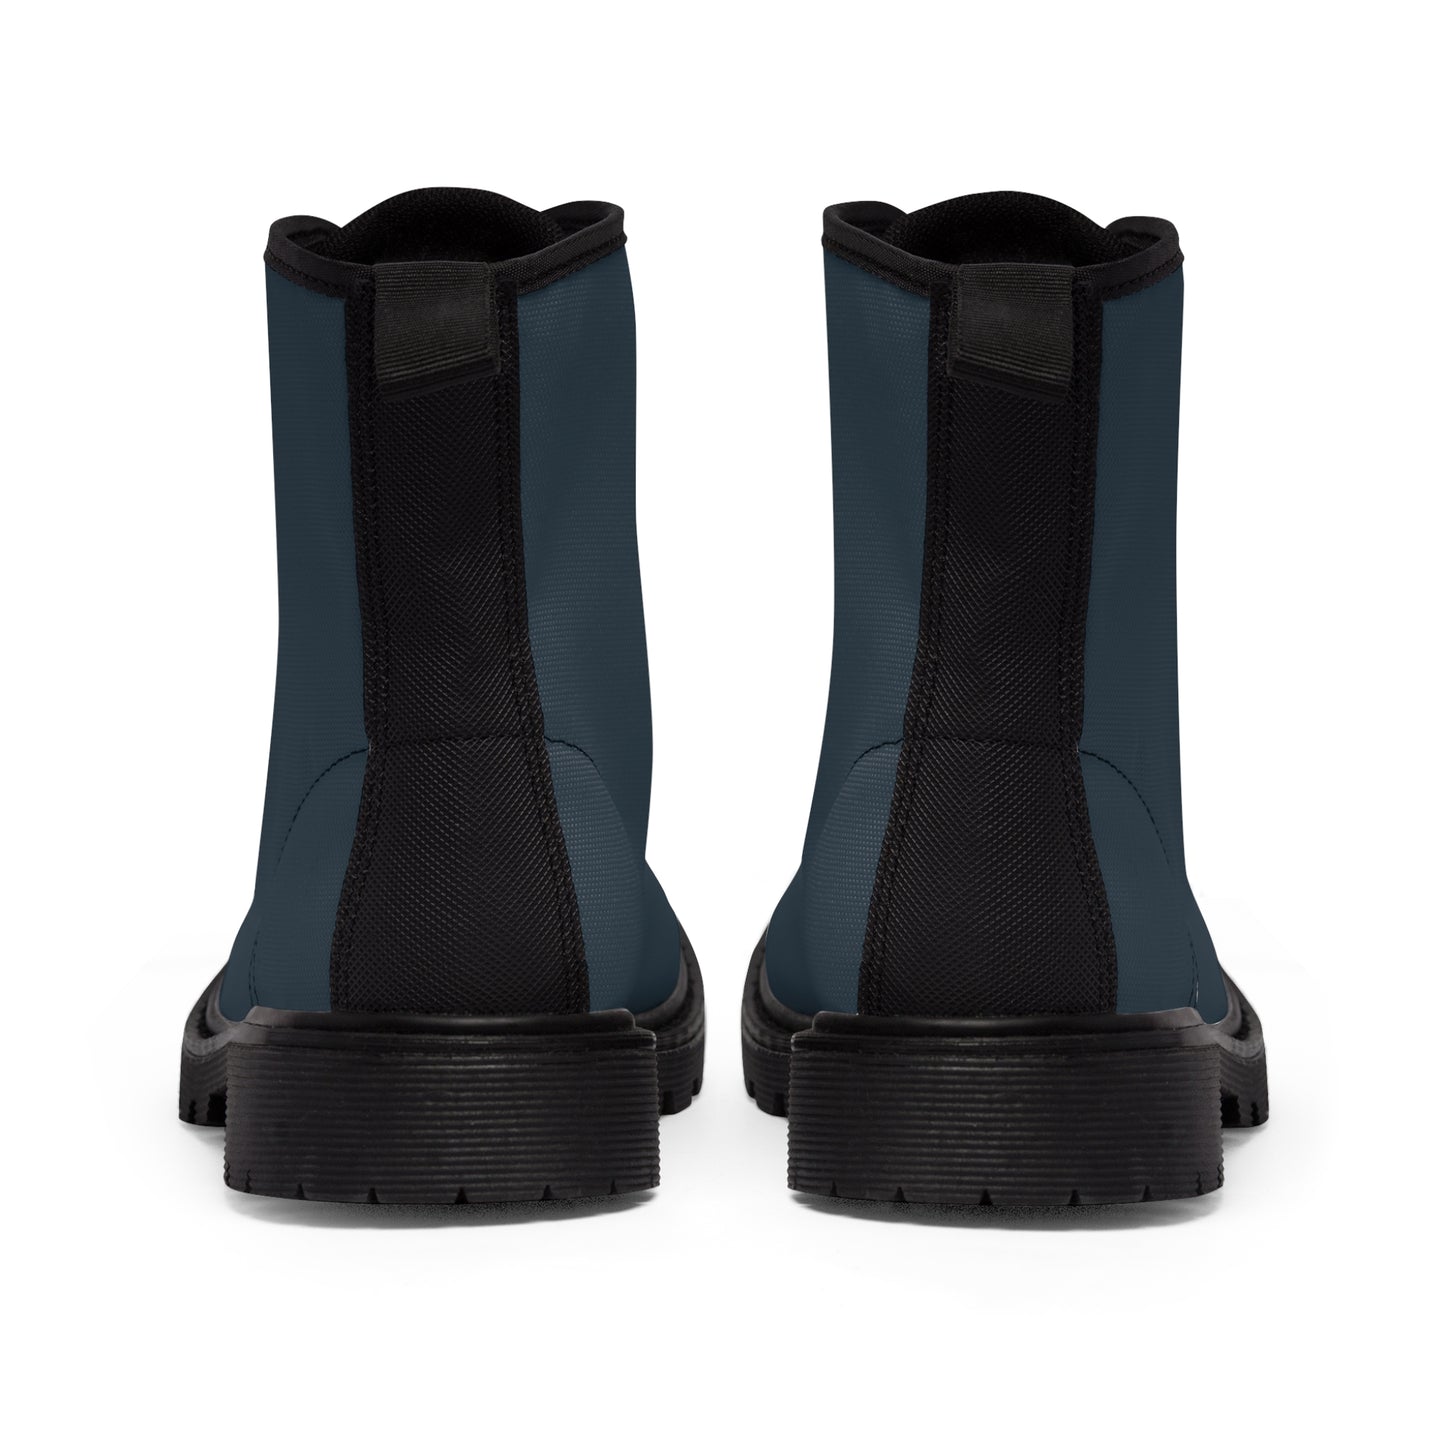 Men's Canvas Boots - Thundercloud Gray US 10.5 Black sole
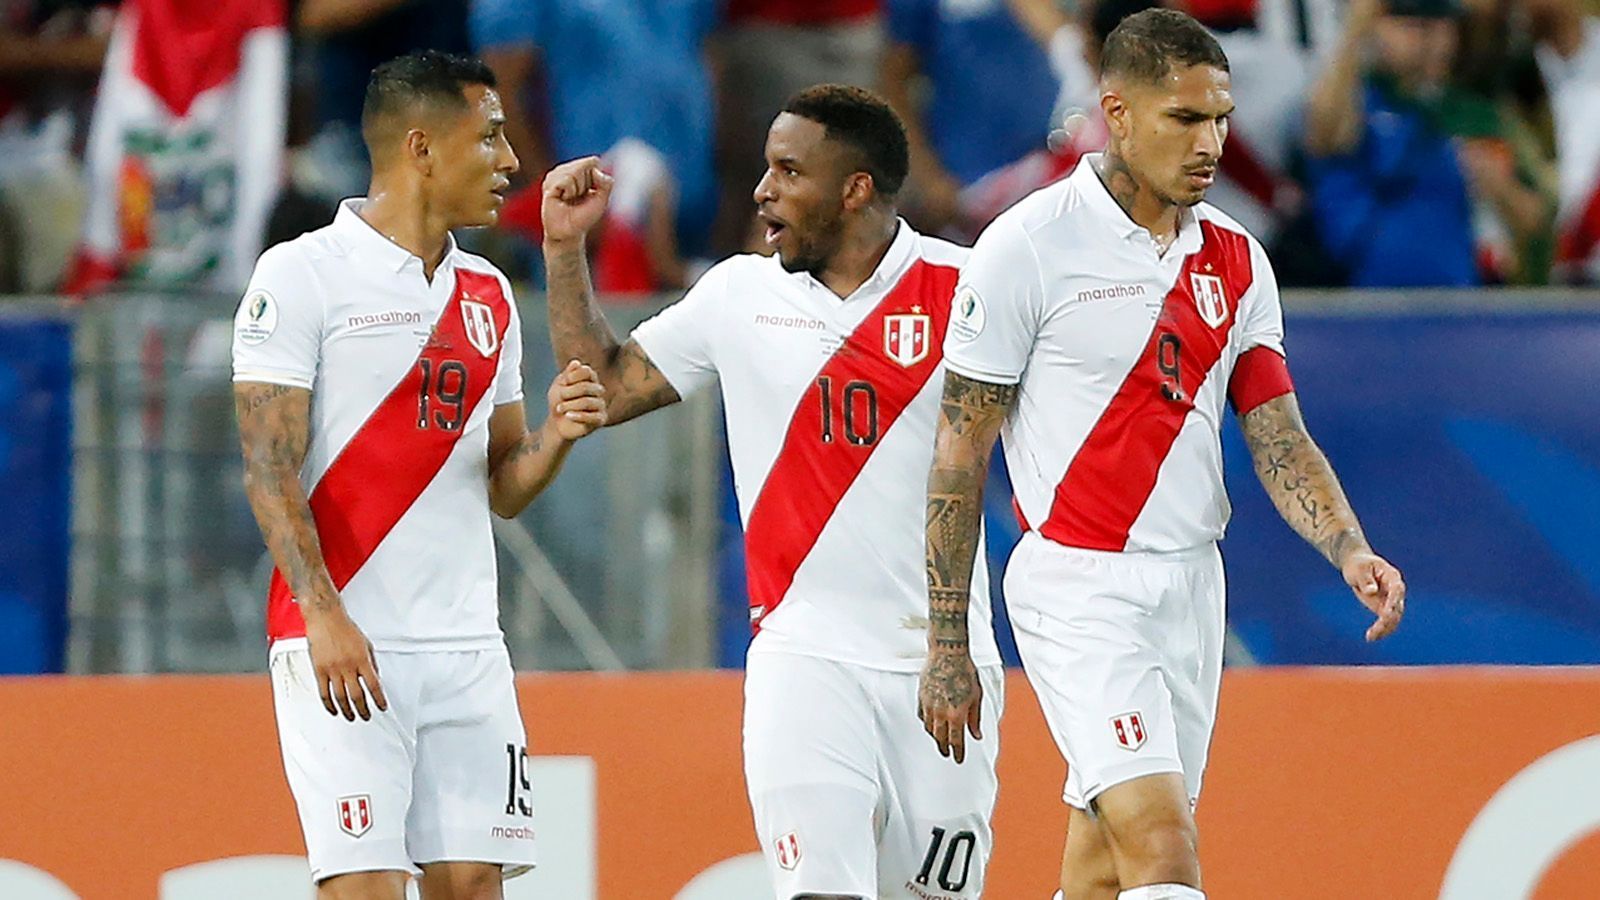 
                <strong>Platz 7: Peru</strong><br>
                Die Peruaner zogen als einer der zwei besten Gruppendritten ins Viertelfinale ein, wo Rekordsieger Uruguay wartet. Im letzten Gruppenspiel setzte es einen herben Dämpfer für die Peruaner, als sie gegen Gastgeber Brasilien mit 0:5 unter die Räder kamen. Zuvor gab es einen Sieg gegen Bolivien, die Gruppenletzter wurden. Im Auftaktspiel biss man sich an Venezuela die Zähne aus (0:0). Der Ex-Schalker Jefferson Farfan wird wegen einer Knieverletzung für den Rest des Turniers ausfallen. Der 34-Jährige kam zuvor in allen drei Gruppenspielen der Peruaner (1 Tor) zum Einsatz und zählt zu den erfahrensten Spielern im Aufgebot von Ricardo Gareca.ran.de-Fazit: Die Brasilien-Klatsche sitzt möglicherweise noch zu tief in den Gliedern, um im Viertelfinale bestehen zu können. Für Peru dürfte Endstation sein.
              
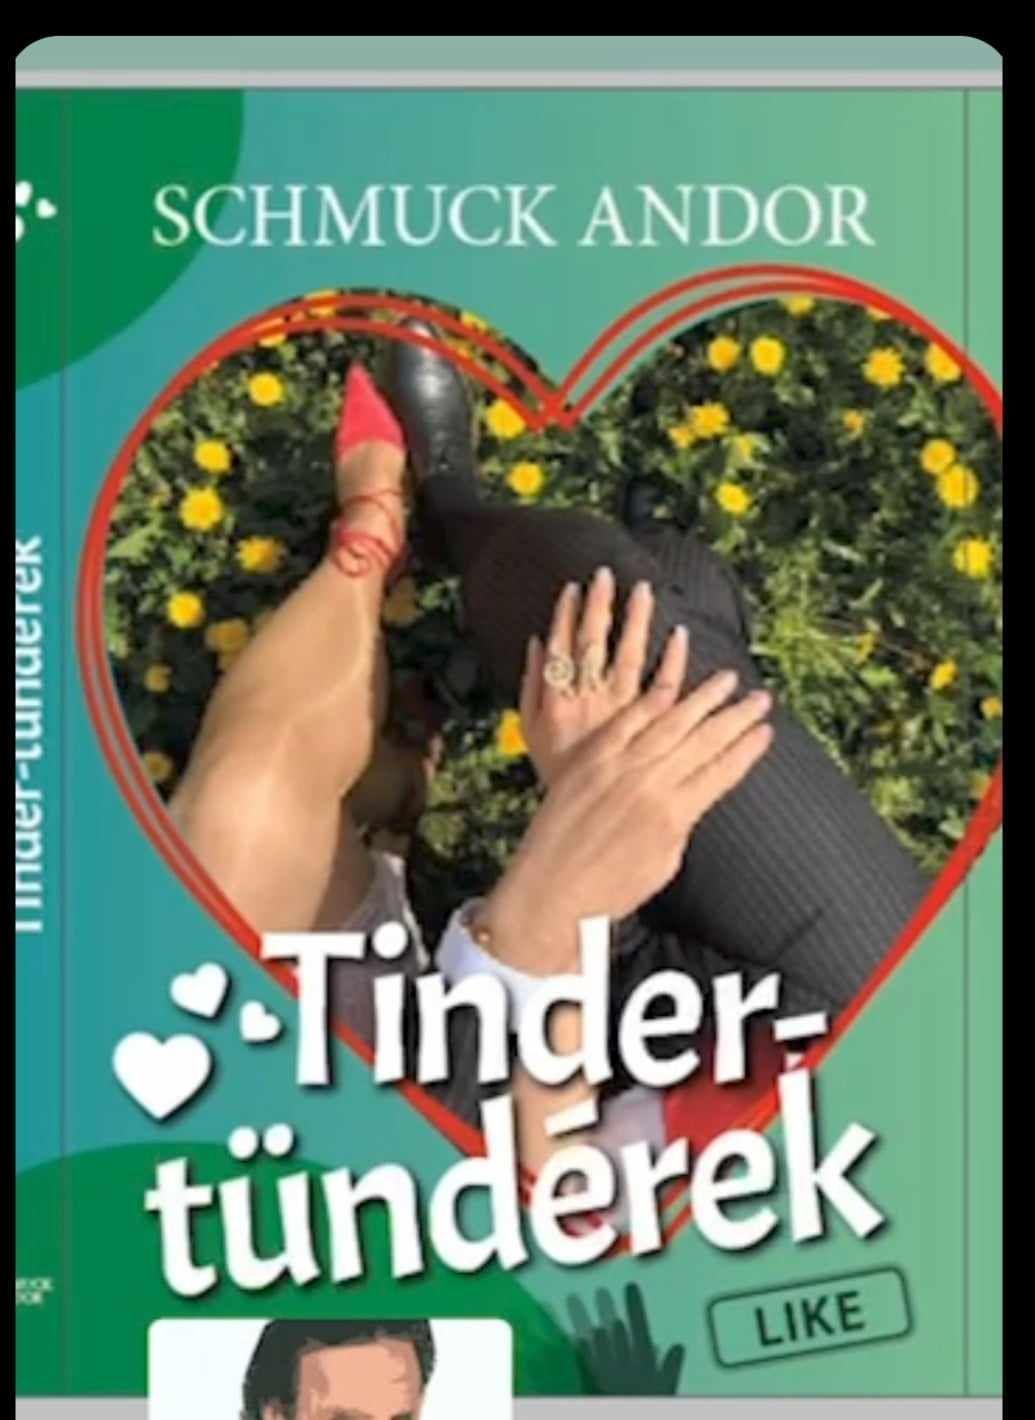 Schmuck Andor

* _Work instructions_
Please give the data again unaltered, leaving out any images.

* _Task solution_
 Men's Canvas Boots - Thundercloud Gray US 10.5 Black sole
                <strong>Platz 7: Peru</strong><br>
                Die Peruaner zogen als einer der zwei besten Gruppendritten ins Viertelfinale ein, wo Rekordsieger Uruguay wartet. Im letzten Gruppenspiel setzte es einen herben Dämpfer für die Peruaner, als sie gegen Gastgeber Brasilien mit 0:5 unter die Räder kamen. Zuvor gab es einen Sieg gegen Bolivien, die Gruppenletzter wurden. Im Auftaktspiel biss man sich an Venezuela die Zähne aus (0:0). Der Ex-Schalker Jefferson Farfan wird wegen einer Knieverletzung für den Rest des Turniers ausfallen. Der 34-Jährige kam zuvor in allen drei Gruppenspielen der Peruaner (1 Tor) zum Einsatz und zählt zu den erfahrensten Spielern im Aufgebot von Ricardo Gareca.ran.de-Fazit: Die Brasilien-Klatsche sitzt möglicherweise noch zu tief in den Gliedern, um im Viertelfinale bestehen zu können. Für Peru dürfte Endstation sein.
              
 Schmuck Andor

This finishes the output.